After Almus Taylor died from internal bleeding after being kept in a jail holding cell overnight, Almus’s father Bonny Taylor sued the jail guards under 42 U.S.C. §1983 and Alabama state law alleging that they were deliberately indifferent to Almus’s serious medical needs. After the district court dismissed Bonny’s claims based on qualified immunity, he appealed to the Eleventh Circuit court of appeals raising the question whether qualified immunity shields the guards from Bonny’s constitutional deliberate indifference claim.

These are the background facts. Taylor was found in a battered pickup truck by a Covington County Deputy who called Emergency Medical Services and Alabama Highway patrol. While the EMS offered to take him to the hospital, he refused because they could not accommodate his request that he bring his dog along. The Alabama state trooper then arrested Almus for driving under the influence and took him to jail.

Upon arrival at the jail three guards noticed he appeared to be highly intoxicated. The Alabama State trooper told them he had been medically cleared though the booking medical log indicated Almus’s statement that he was all busted up from a car wreck. There was dispute about whether Almus cried out for help during the night and whether the guards heard his cries. Other detainees said he spent several hours moaning and crying out in pain. None of the guards called for medical help. The jail nurse called 911 after her early the next morning and he died on the way to the hospital from internal bleeding.

In his appeal Bonny contended that guards violated Almus’s constitutional rights by being deliberately indifferent to his serious medical needs. Under the eight amendment prisoners have a right to receive medical treatment for their illnesses and injuries. Deliberate indifference to the serious medical needs of a prisoner is therefore a constitutional violation and Almus was protected to the same extent as prisoners under the Fourteenth Due Process Clause.

To establish his deliberate indifference claim Bonny had to demonstrate that 1) Almus had a serious medical need and 2) the defendant’s deliberate indifference to that need, and 3) causation between that indifference and Amus’s injury. The district court found insufficient evidence to raise a genuine dispute of material fact regarding the first two elements.

As to the first element the conflict in the testimony presents a genuine dispute of material fact as to whether Amus had a serious medical need.

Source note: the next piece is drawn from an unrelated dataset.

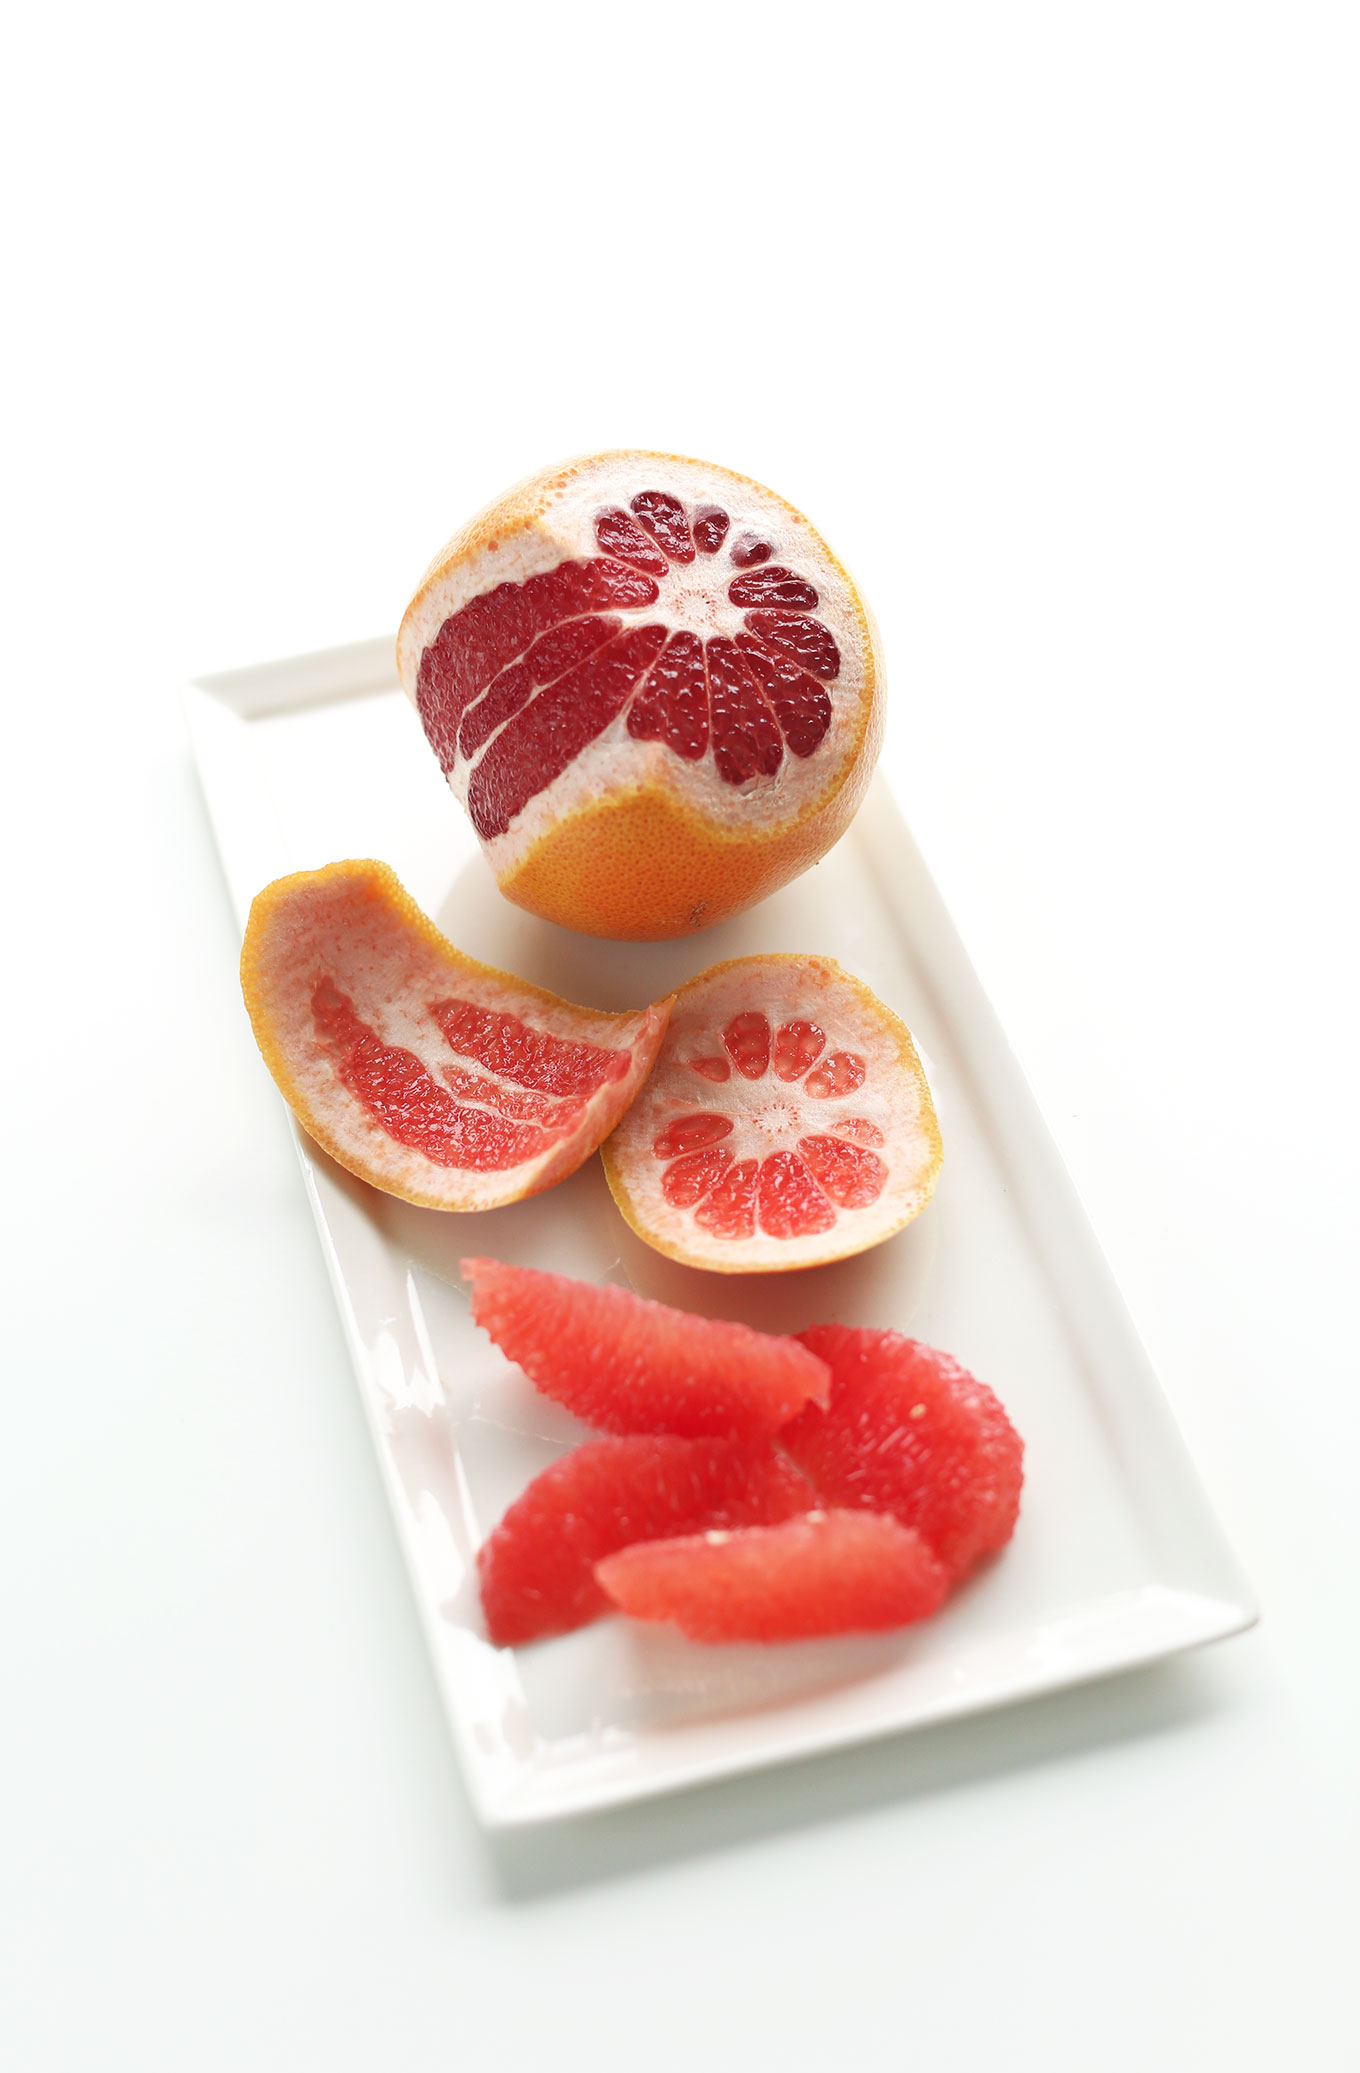 Platter of peeled and sliced grapefruit

If Almus was begging for medical help, crying out in pain and informing the guards that he was dying, then a reasonable jury could conclude that a lay person would recognize the need for a doctor’s attention.

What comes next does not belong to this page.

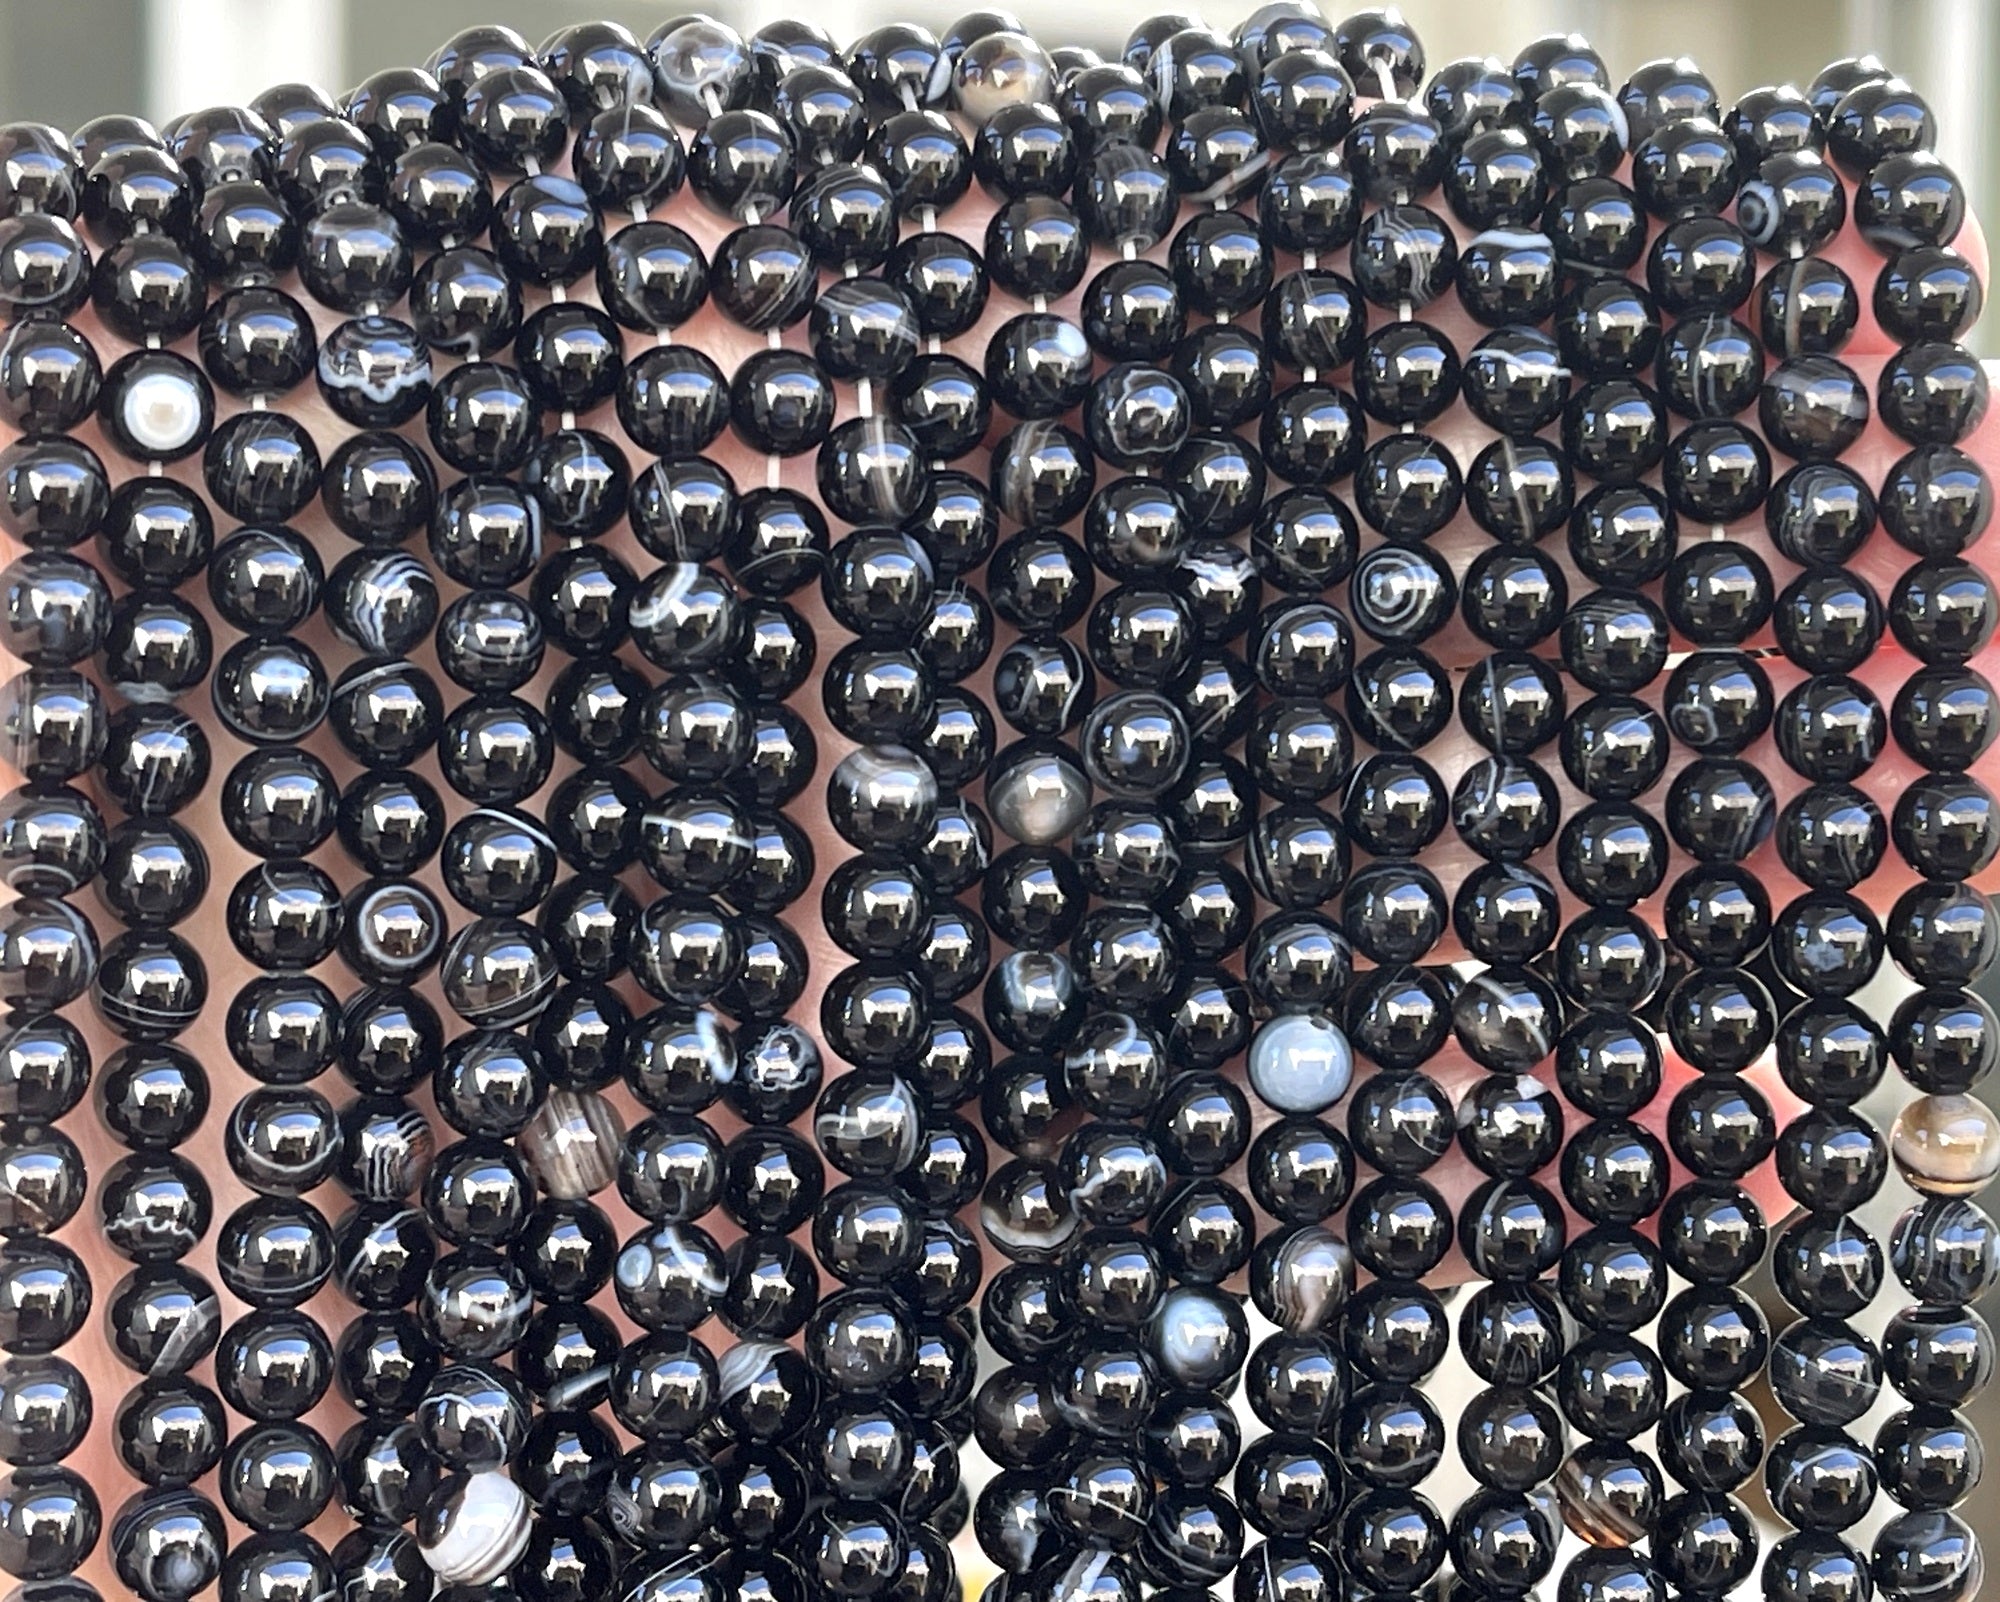 Black Banded Agate 6mm round gemstone beads 15.5" strand

The court of appeals held that a civil rights constitutional violation claim could proceed on the basis of deliberate indifference to a serious need  because it constitutes the unnecessary and wanton infliction of pain proscribed by the Eighth Amendment. Choosing to deliberately disregard an inmate’s complaints of pain without any investigation or inquiry is being willfully blind to pain. The court concluded that a reasonable jury could conclude the the guards were not entitle to rely on Trooper Amis’s statement that Almus was just drunk. In addition a jury could conclude that the guards’ willful disregards of what they heard and observed during the night made them deliberately indifferent to Almus’s serious medical needs.